Examples of removed days (high/low volatility):
Highest volatility day: 2020-03-13 (std: 0.4735%)
Lowest volatility day: 2024-03-02 (std: 0.0104%)

time	09:15	09:16	09:17	09:18	09:19	09:20	09:21	09:22	09:23	09:24	...	15:20	15:21	15:22	15:23	15:24	15:25	15:26	15:27	15:28	15:29
date
2015-01-09	0.0	0.09	-0.06	0.08	0.08	-0.00	0.00	0.02	-0.09	0.00	...	-0.01	0.02	0.01	0.01	0.03	-0.00	-0.04	-0.01	0.01	-0.03
2015-01-12	0.0	-0.45	0.01	0.04	0.06	0.05	-0.02	0.03	0.06	-0.09	...	0.04	-0.04	0.02	0.00	-0.01	0.04	0.01	-0.01	0.00	-0.01
2015-01-13	0.0	0.11	-0.08	-0.05	-0.02	-0.03	-0.01	0.01	-0.09	-0.09	...	0.08	0.01	0.01	0.01	0.01	0.00	0.00	-0.01	-0.02	0.03
2015-01-14	0.0	-0.08	0.07	0.02	-0.04	-0.01	-0.03	-0.11	0.04	0.12	...	0.08	-0.01	0.02	0.03	0.01	0.01	0.00	0.02	0.02	0.01
2015-01-15	0.0	0.18	-0.55	-0.10	0.18	0.32	-0.23	-0.12	0.22	0.06	...	-0.04	-0.07	-0.11	-0.06	-0.11	-0.05	0.06	-0.05	0.03	0.00

This cleansing removed 52 days from the market.

Most of the blogs and influencers will take only these 52 days. Probably, if we have of all the blogs and youtube transcripts and arrange the dates mentioned in a series, 2σ dates will fall in these 52 days only. You decide whether to make profit in 2221 normal days or you're going to wait for one of those 52 days.

Finally, let's split the dataset into training and validation sets and store them as separate files. The model will be trained only on the training dataset. The validation set will not be exposed to the model during training or fine-tuning. We'll use the validation dataset to backtest whether the model is makeing any profit for us.

Let's take out every nineth day into validation set. As it is more than seven, the subsequent nineth day will be different day of the week.

# Split into training and validation sets
# Every 9th day goes to validation, rest goes to training
total_days = len(n50_daily_price_movements_filtered)
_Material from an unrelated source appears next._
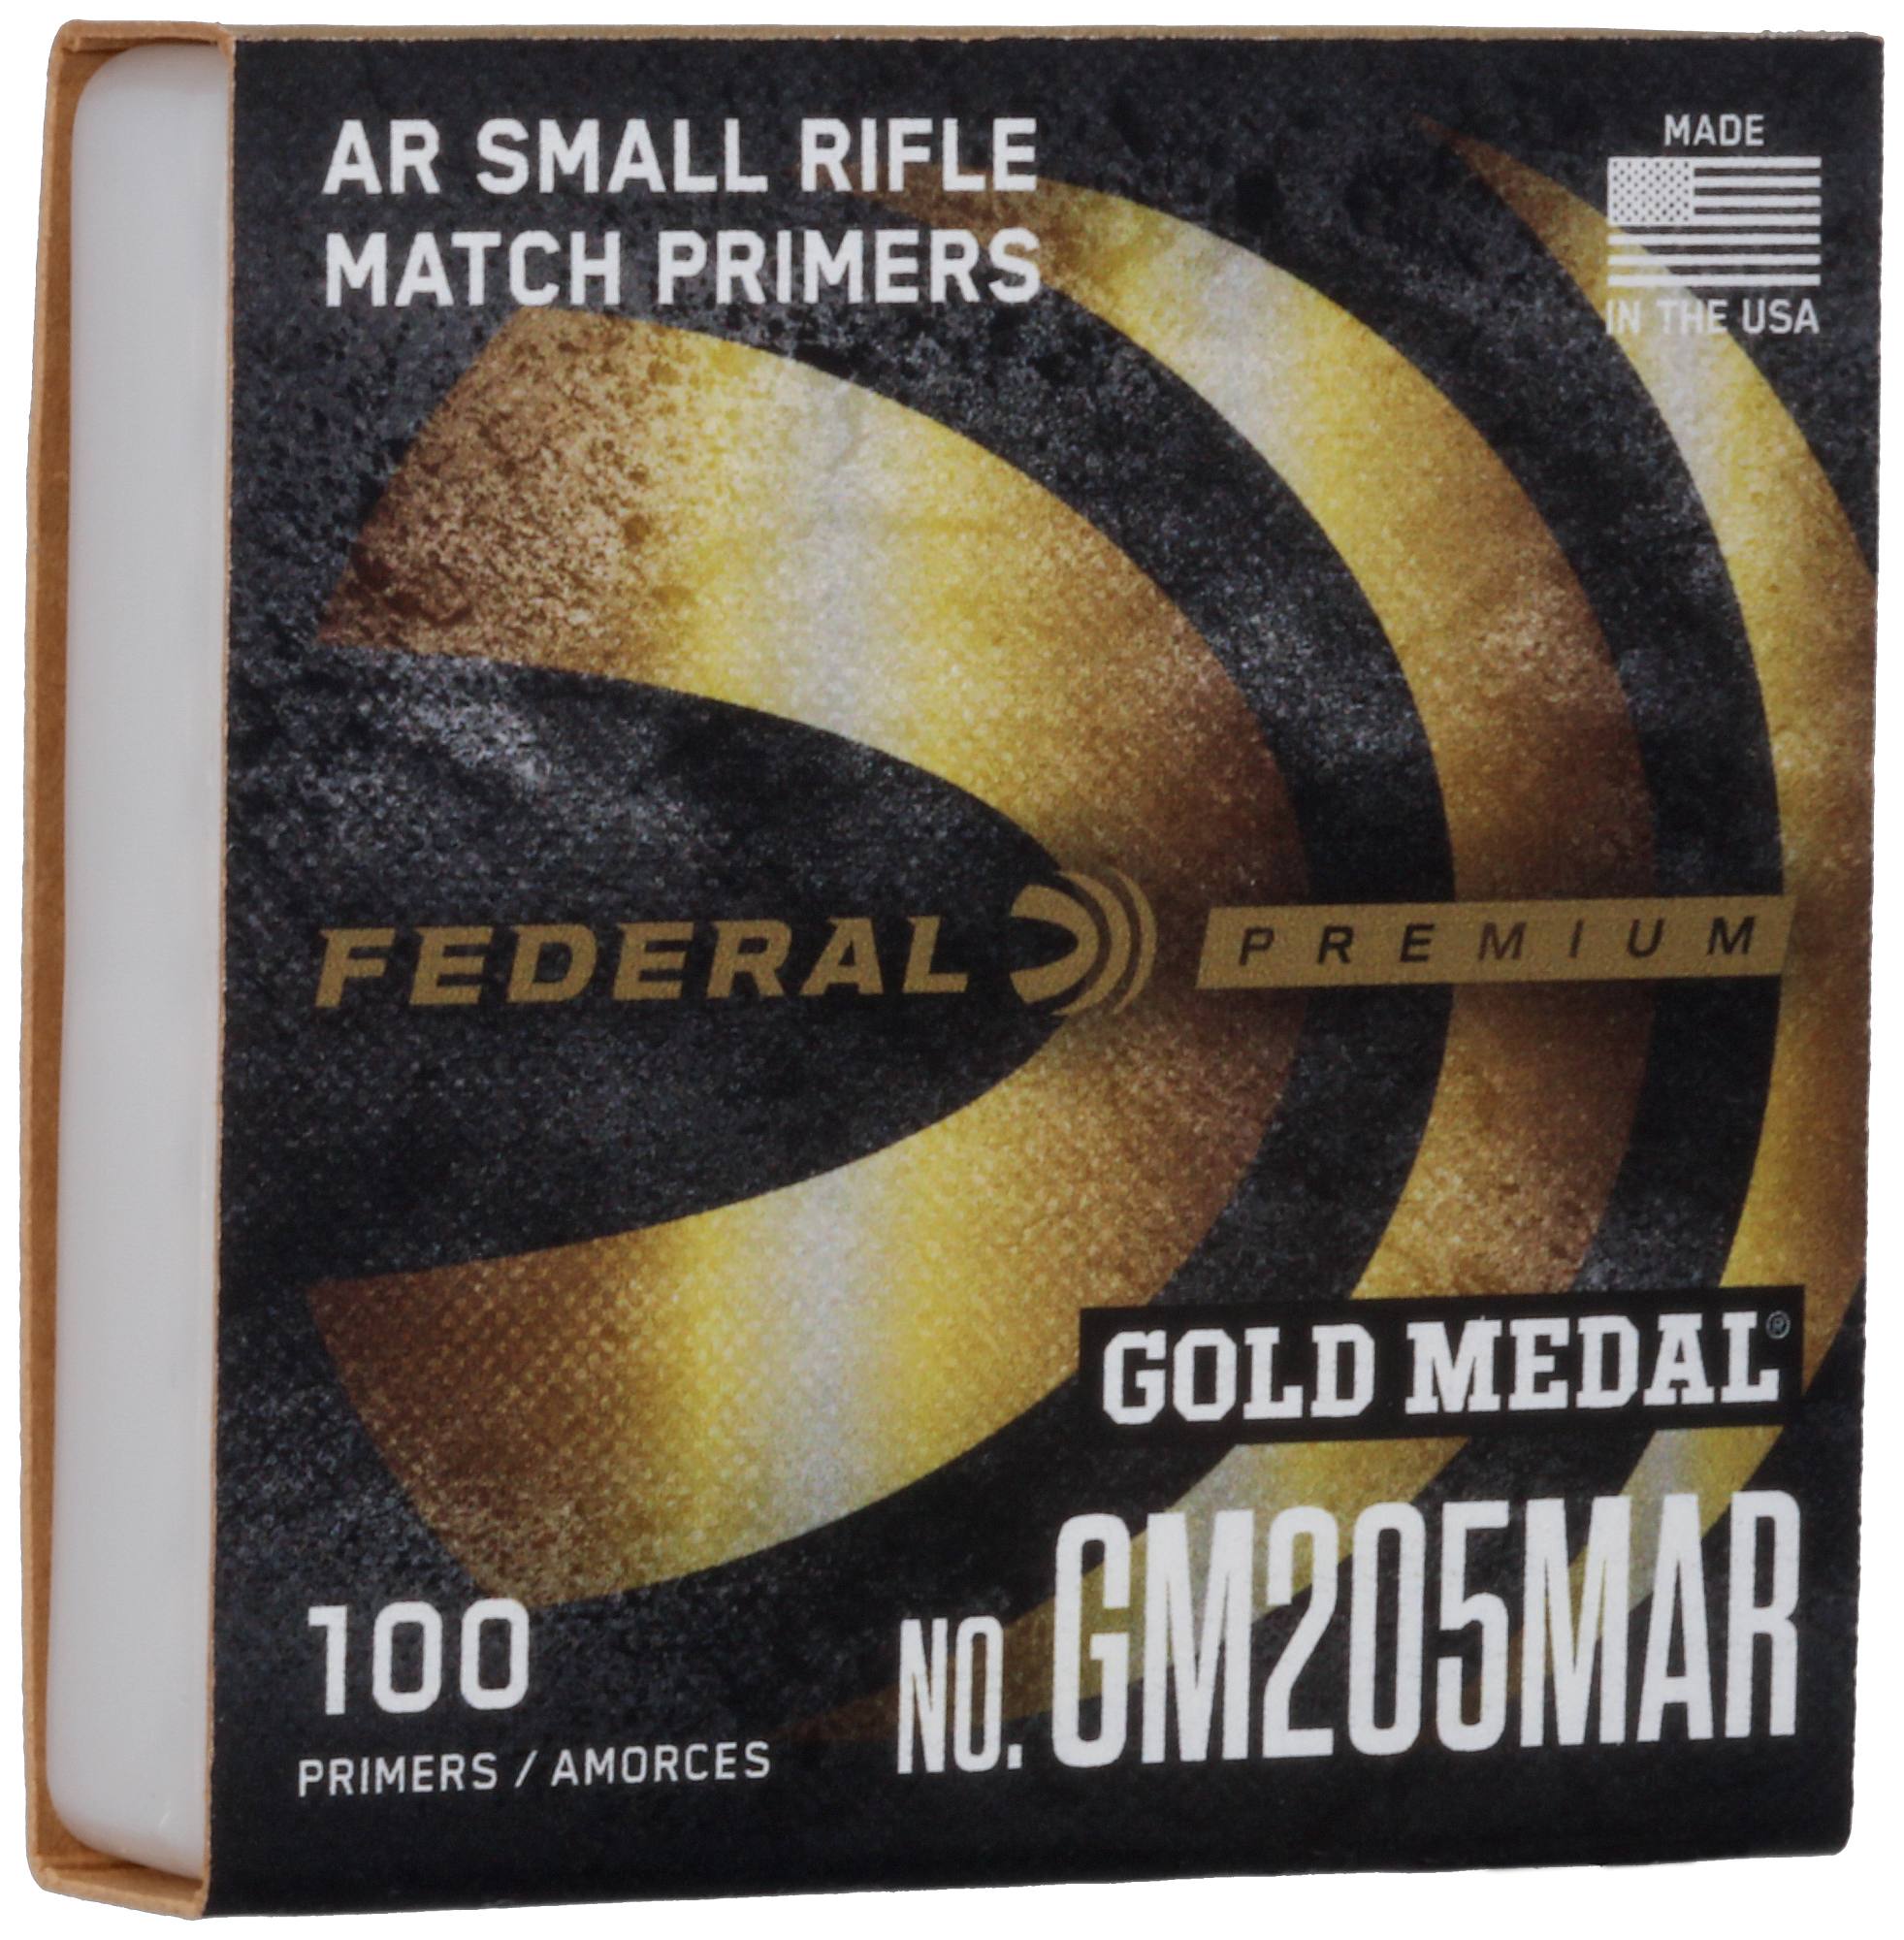 Buy Gold Medal AR Centerfire Primer for USD 7.99 | Federal Ammunition

# Create boolean masks for train/validation split
validation_mask = [(i % 9 == 8) for i in range(total_days)]  # Every 9th day (0-indexed, so 8th position)
training_mask = [not val for val in validation_mask]

# Split the datasets
train_price_movements = n50_daily_price_movements_filtered[training_mask]
val_price_movements = n50_daily_price_movements_filtered[validation_mask]

train_daily_opens = n50_daily_opens_filtered[training_mask]
val_daily_opens = n50_daily_opens_filtered[validation_mask]
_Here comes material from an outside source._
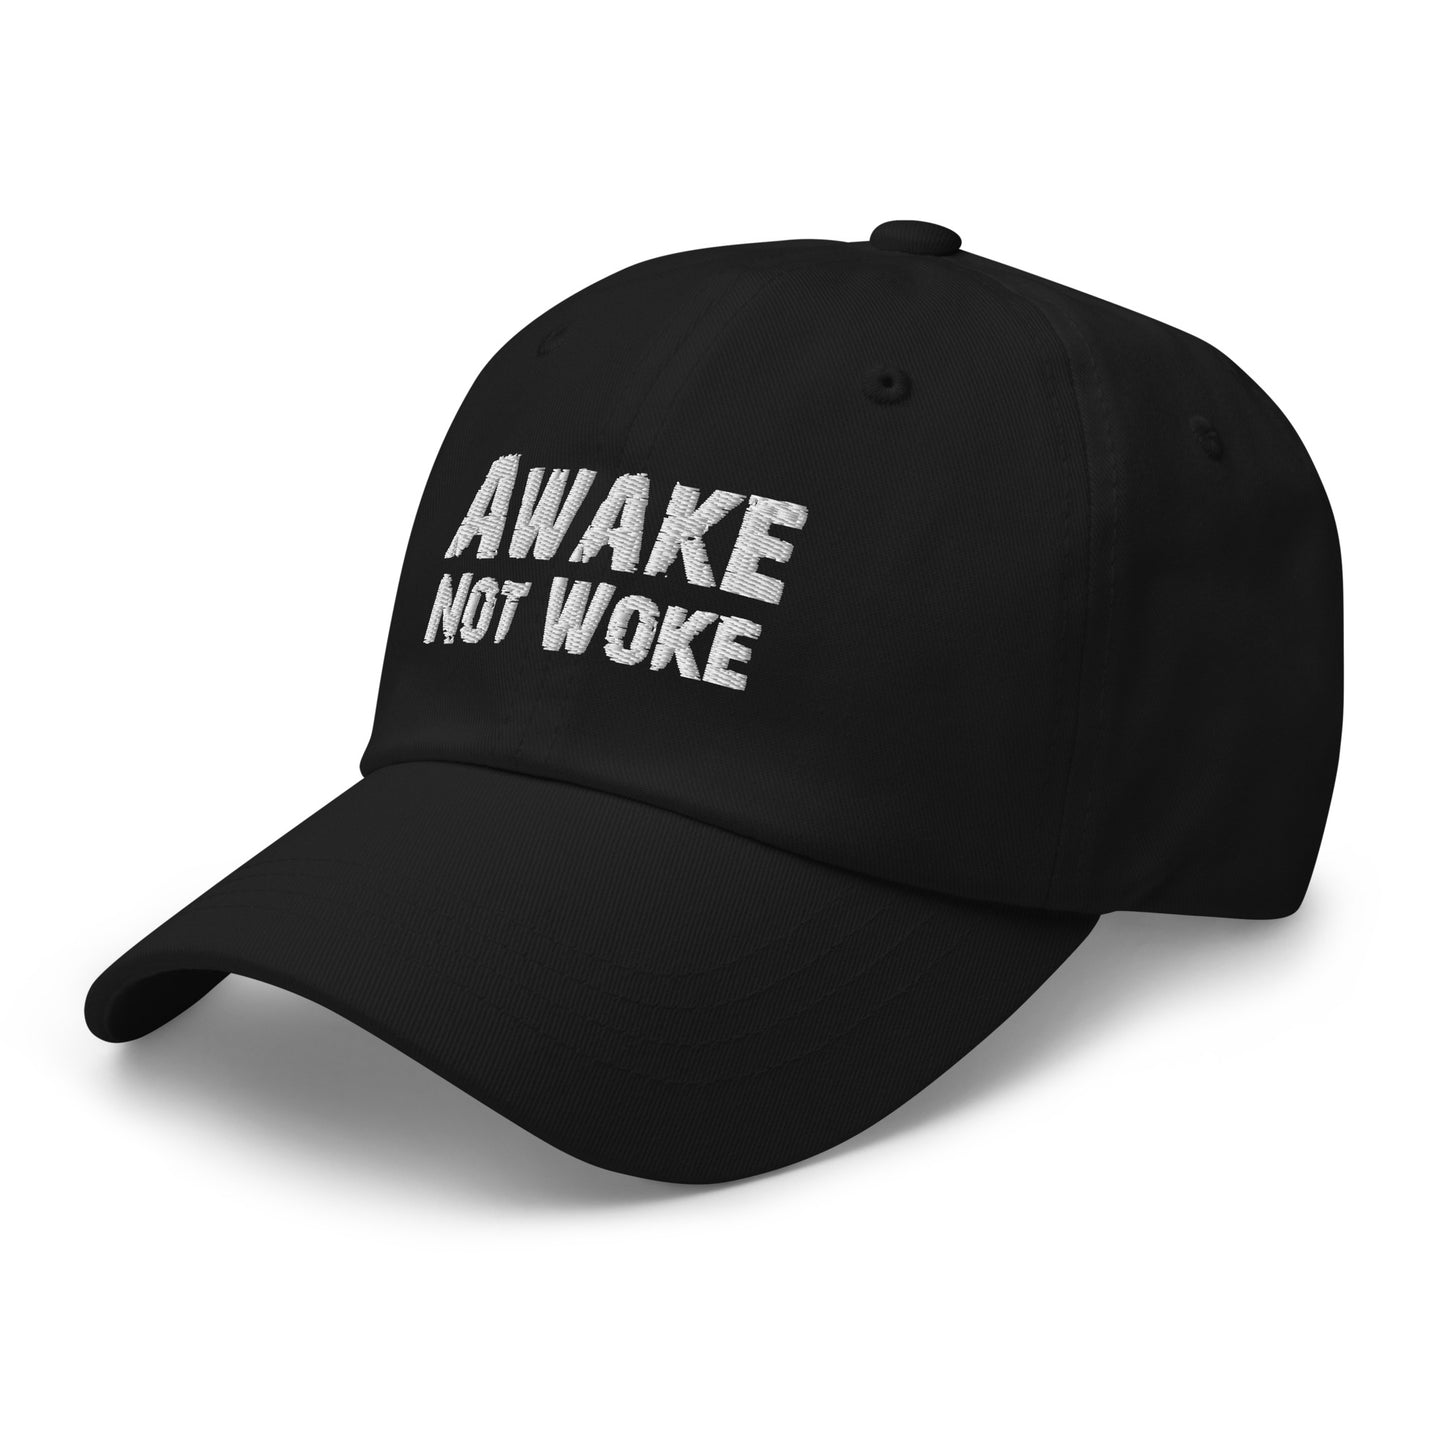 Awake Not Woke hat

# Save the datasets to CSV files in the dataset directory
import os

# Create dataset directory if it doesn't exist
os.makedirs('dataset', exist_ok=True)

# Save training datasets
train_price_movements.to_csv('dataset/train_price_movements.csv')
train_daily_opens.to_csv('dataset/train_daily_opens.csv')

# Save validation datasets
val_price_movements.to_csv('dataset/val_price_movements.csv')
val_daily_opens.to_csv('dataset/val_daily_opens.csv')

print("Datasets saved successfully!")

Conclusion

Let's wrap up this blog here. In the upcoming posts, we will explore various models and training methodologies to determine which approach yields the best results. The dataset prepared in this blog will serve as the foundation for all those experiments. You can access the code discussed in this blog in the n50_dataset_prep notebook.